But I have a hard time feeling sorry for some of them. Let's take two recent examples of clear cut discrimination:
A gay student at a conservative Christian college created a series of YouTube videos "talking about my story and explaining what it was like growing up as a gay Christian in the conservative South." He was promptly fired from his campus job and lost his financial aid. He transferred to another school with a more welcoming environment.
In today's news we learned about a Catholic high school teacher fired from her job after she announced to a room full of coworkers that she is a lesbian. "I didn't know what that would mean, but frankly I was hoping someone in a position of power at the school would show up and say, 'This really sucks, but we love you,'" she told the local news. The same school forced their president into resigning after finding out he is in a same-sex relationship.
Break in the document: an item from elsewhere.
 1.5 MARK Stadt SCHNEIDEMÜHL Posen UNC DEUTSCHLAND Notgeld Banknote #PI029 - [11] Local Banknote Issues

Both of these schools have made it clear that they disapprove of LGBT people and, as religious institutions, they have the right to discriminate based off their religious beliefs. We can argue that such an exemption is wrong until we're blue in the face, but that's not going to change the current law and with all of the religious exemptions written into any pro-LGBT legislation, it's not about to change any time soon.
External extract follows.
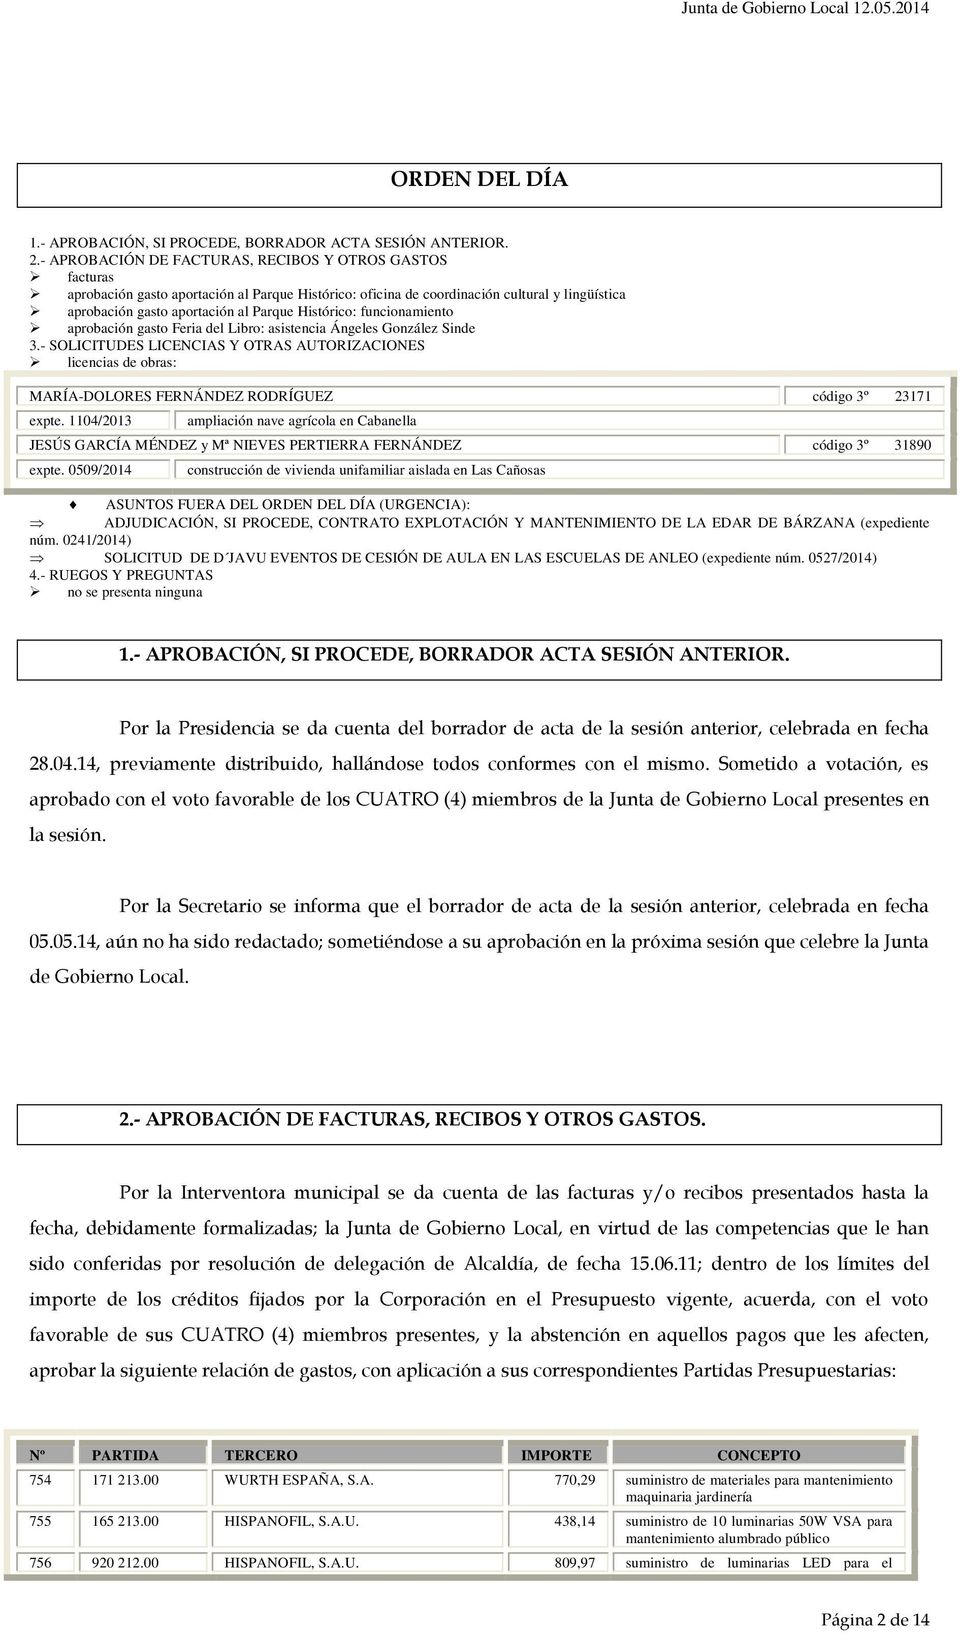 Histórico: funcionamiento aprobación gasto Feria del Libro: asistencia Ángeles González Sinde 3.

So should we feel sorry for these victims? After all, they made the choice to attend or work at those schools and there are plenty of other options. If they decide to put themselves in that position, is it reasonable to say, "This was poor decision making on your part. You could reasonably assume this would happen."?
Editors' Note: This post has been edited to add "because of their sexual orientation or gender identity" to the first sentence. While that was intended, it wasn't spelled out.